Items from a data source:
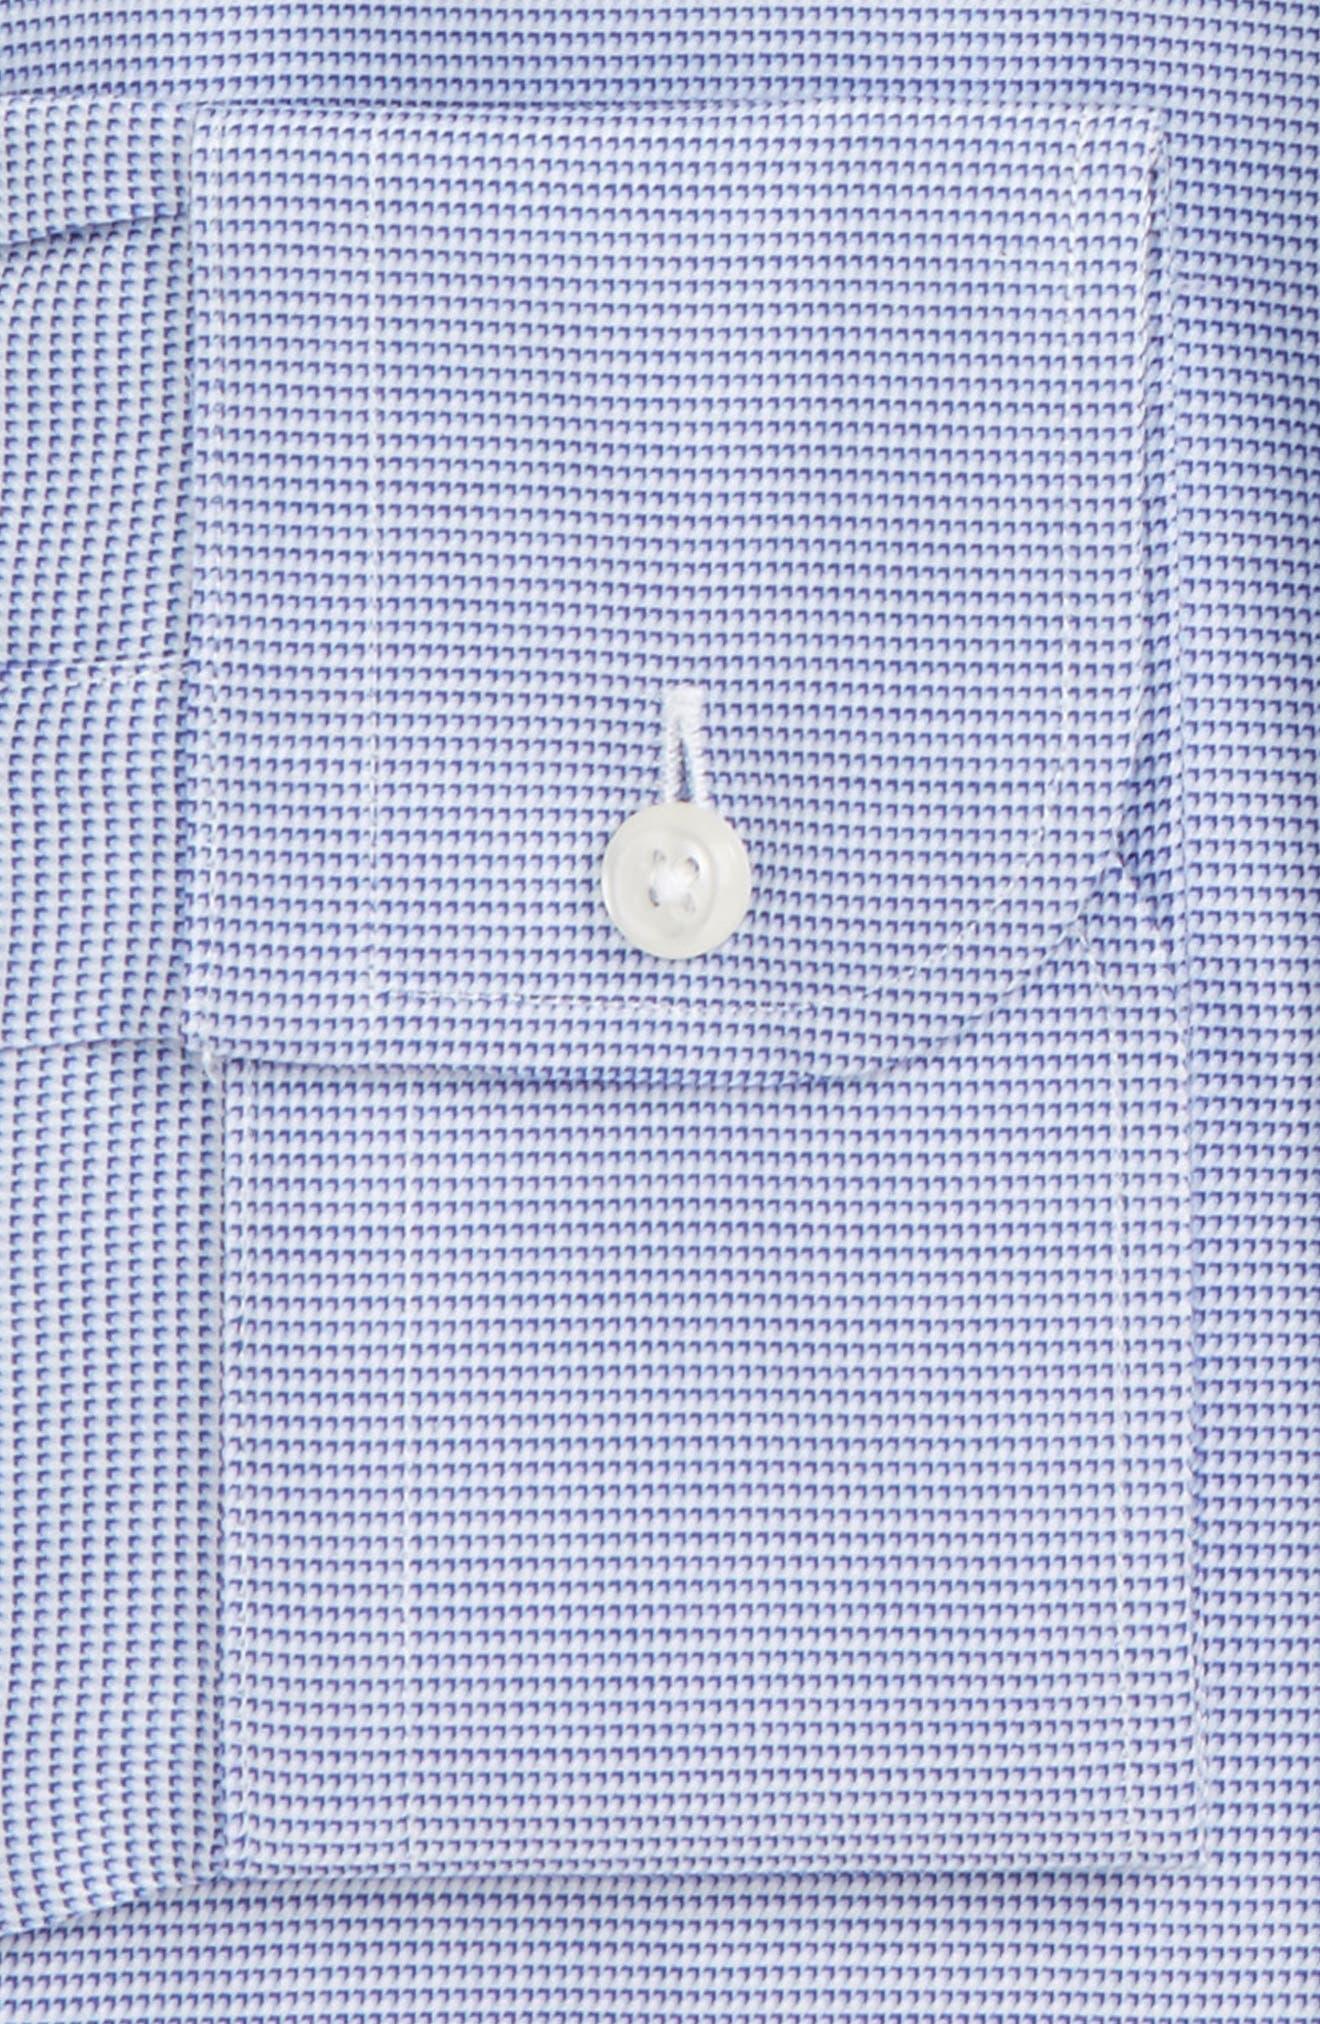 Classic Fit Solid Dress Shirt,                             Alternate thumbnail 2, color,                             Blue Marine
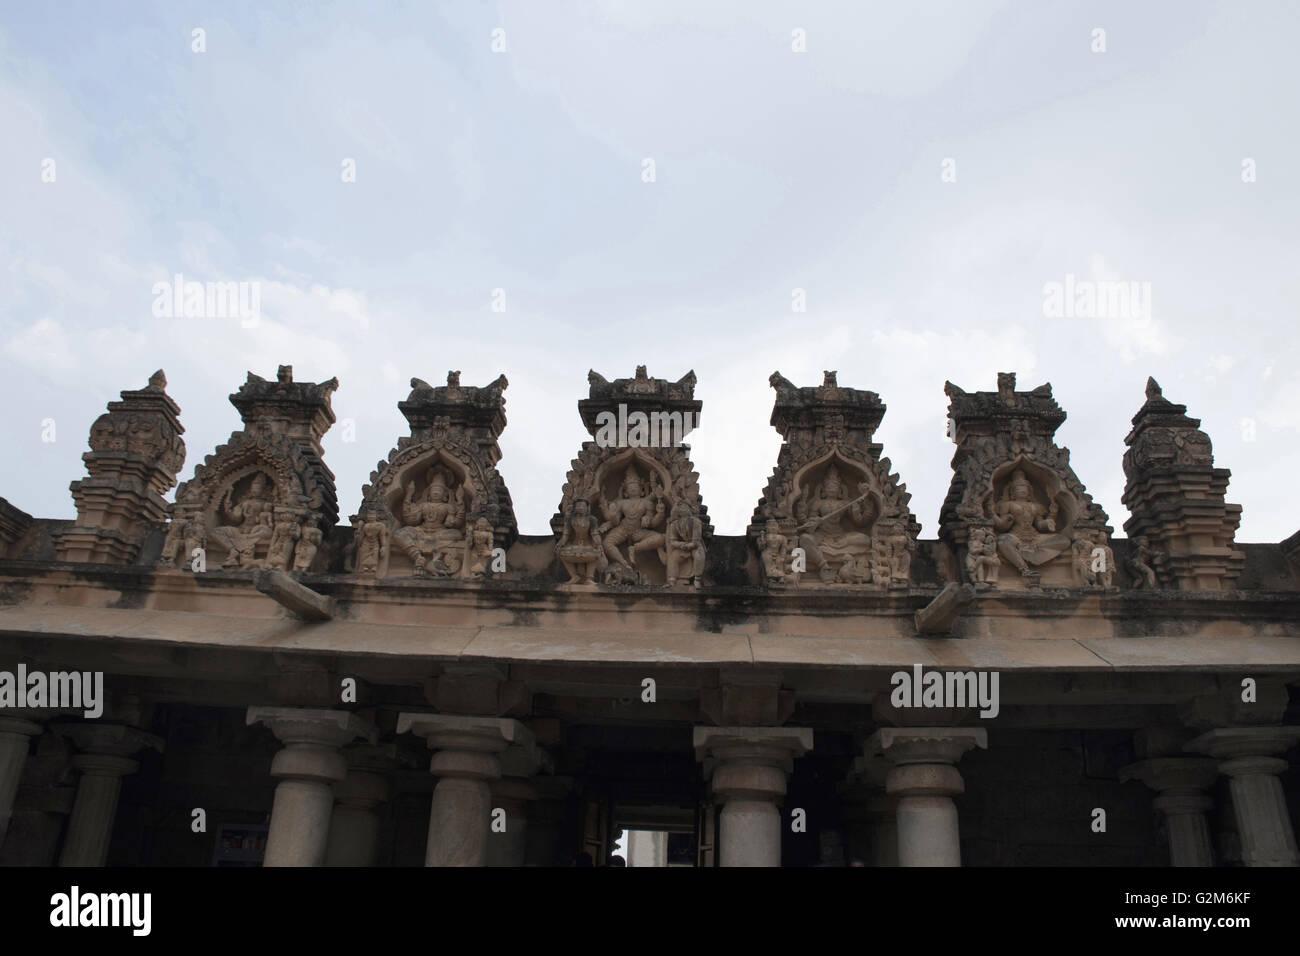 Carved figures at the top of the entrance porch, Gomateshwara temple, Vindhyagiri Hill, Shravanbelgola, Karnataka, Stock Photo
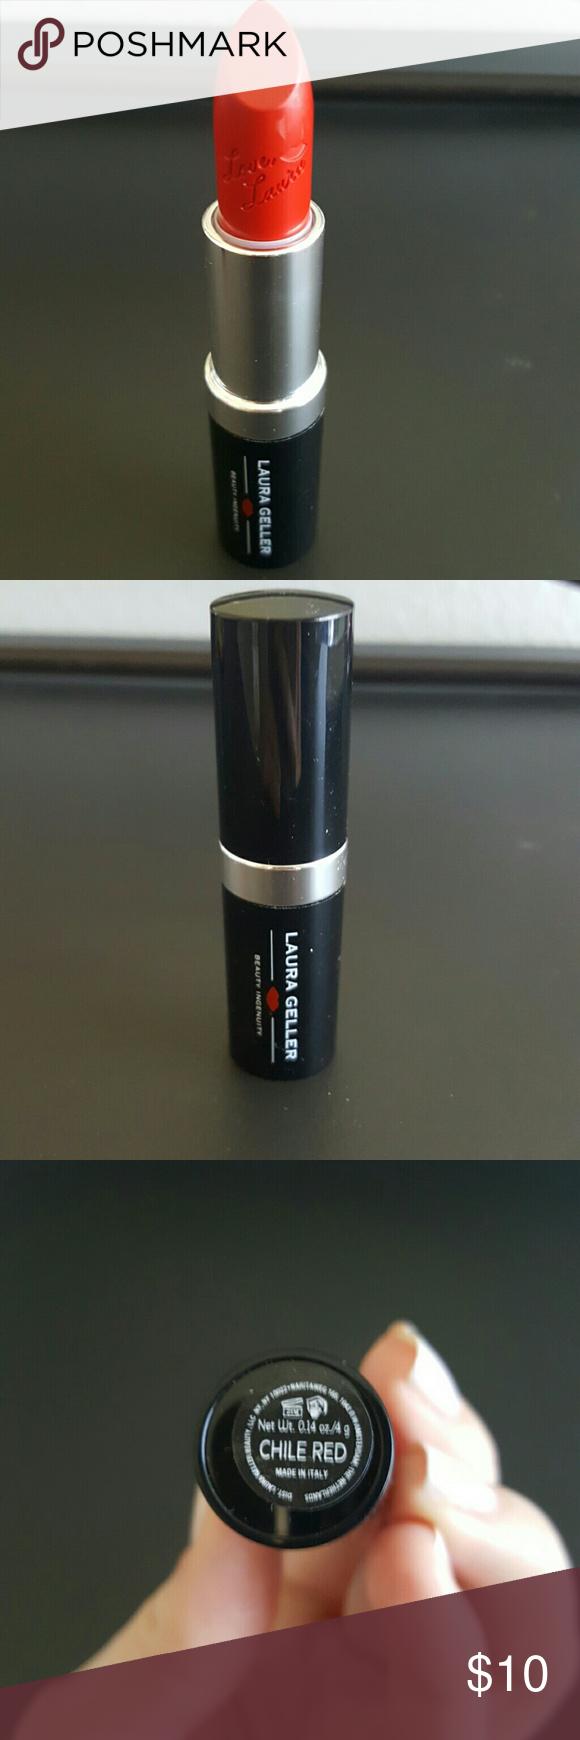 Laura Geller lipstick brand new, never used Chile Red Laura Geller lipstick brand new laura geller Makeup Lipstick
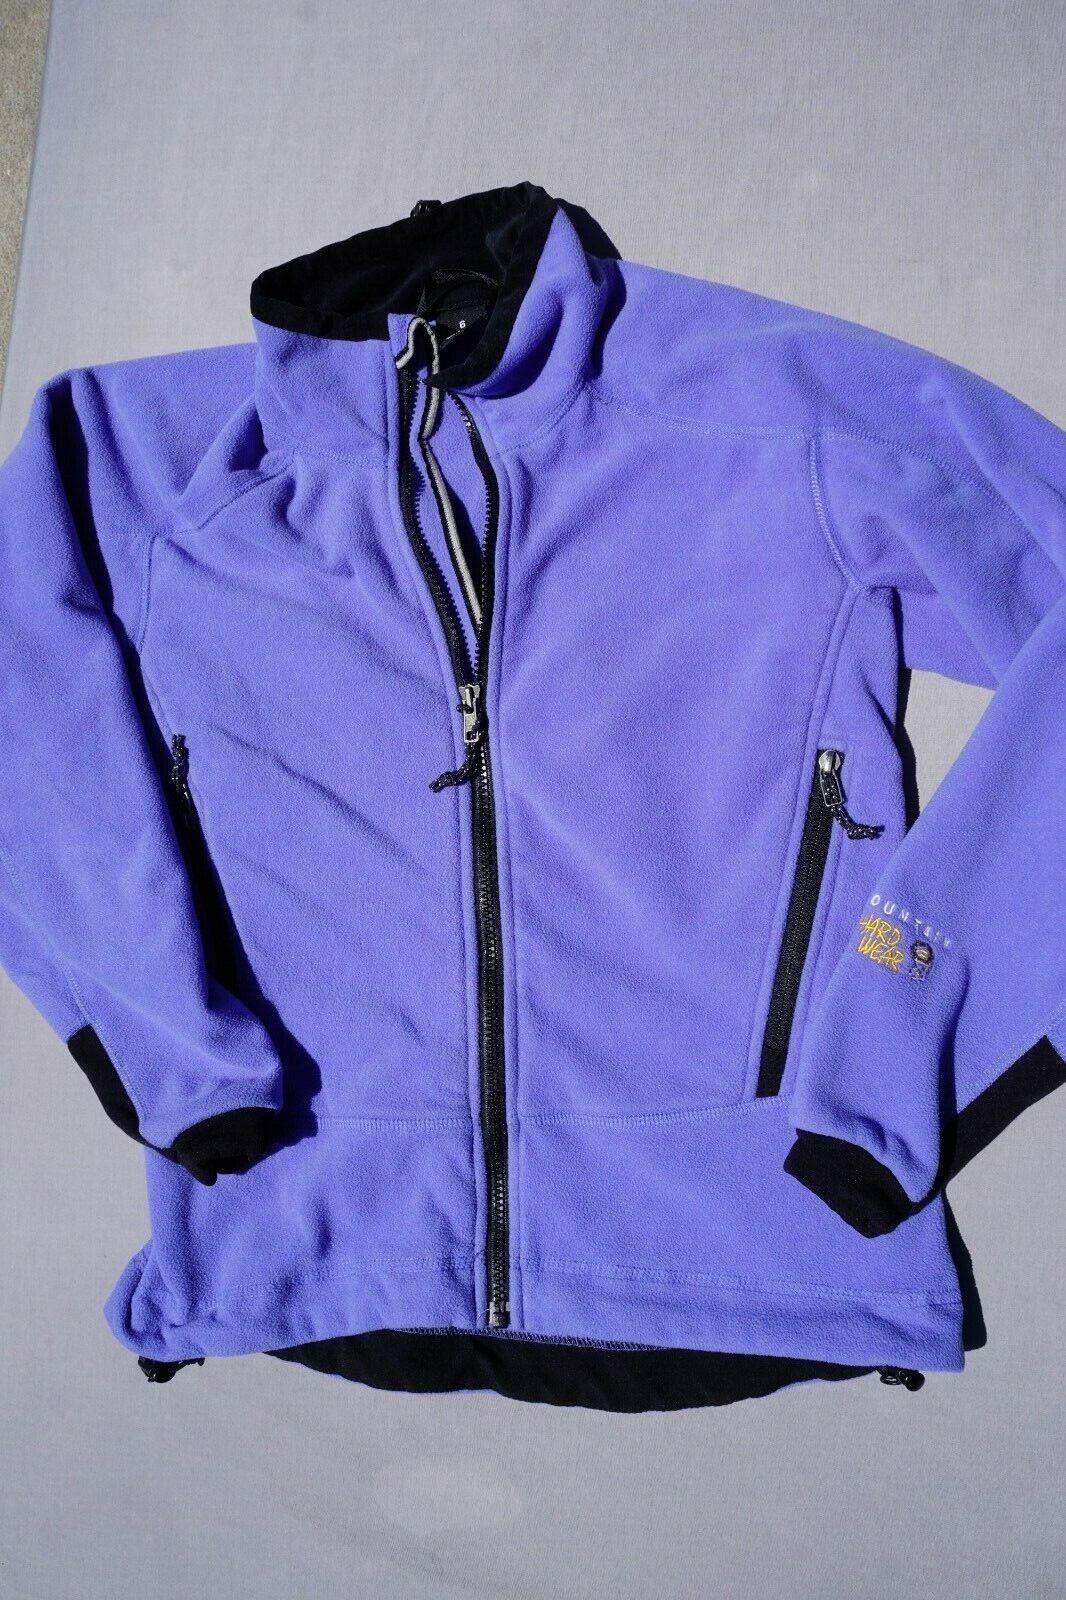 Mountain Hardware Polartec Fleece Full Zip Sweatshirt With Pockets Women's Sz 6
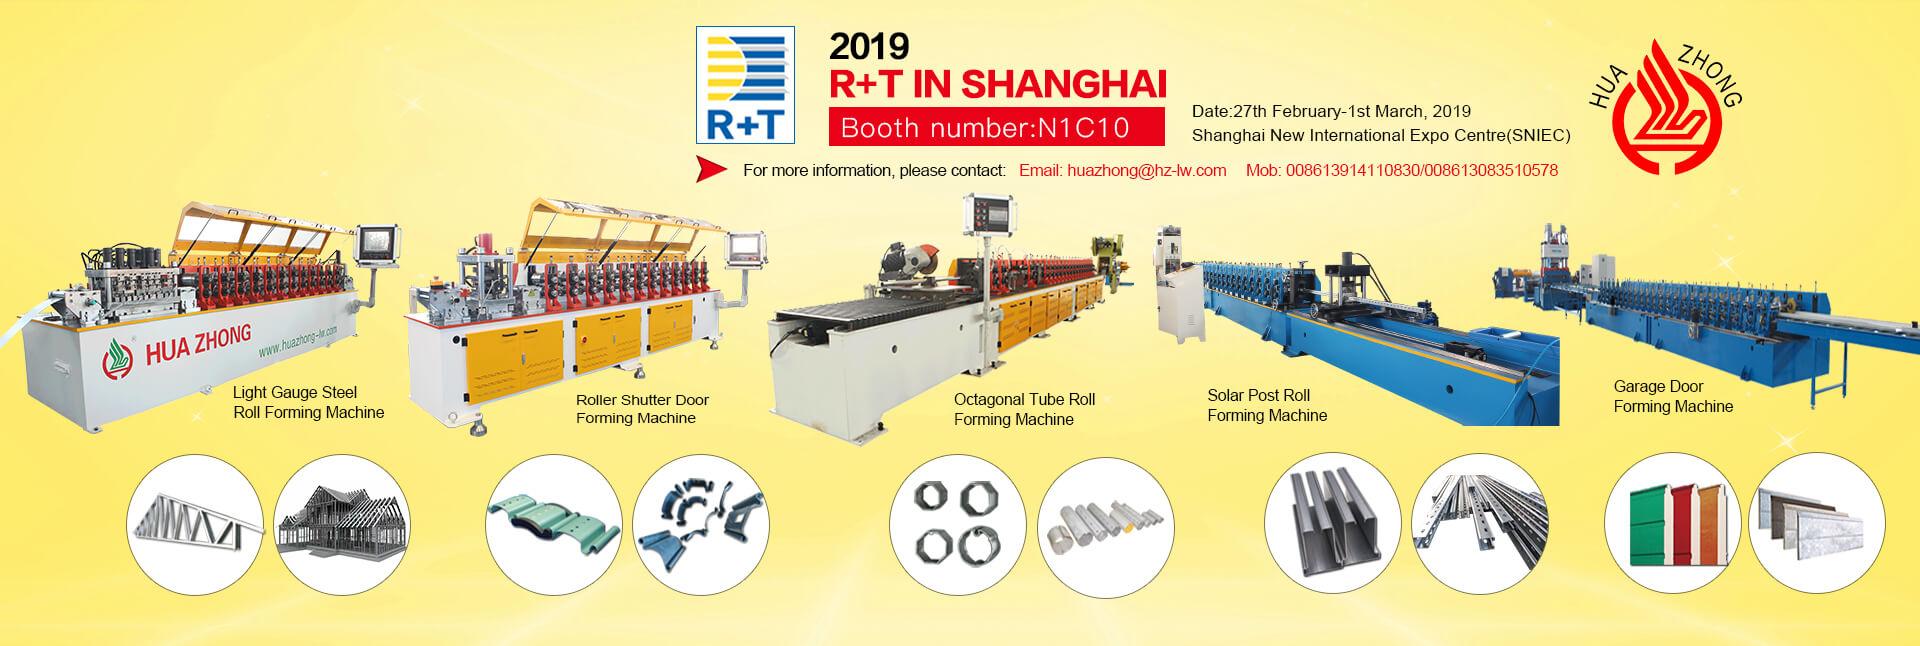 2019 SHANGHAI R+T111

WHAT YOU WILL DO:
Each line above should be returned exactly as written, apart from any pictures.

YOUR SOLUTION:
 Classic Fit Solid Dress Shirt,                             Alternate thumbnail 2, color,                             Blue Marine
 Carved figures at the top of the entrance porch, Gomateshwara temple, Vindhyagiri Hill, Shravanbelgola, Karnataka, Stock Photo
 Laura Geller lipstick brand new, never used Chile Red Laura Geller lipstick brand new laura geller Makeup Lipstick
 Mountain Hardware Polartec Fleece Full Zip Sweatshirt With Pockets Women's Sz 6
 2019 SHANGHAI R+T111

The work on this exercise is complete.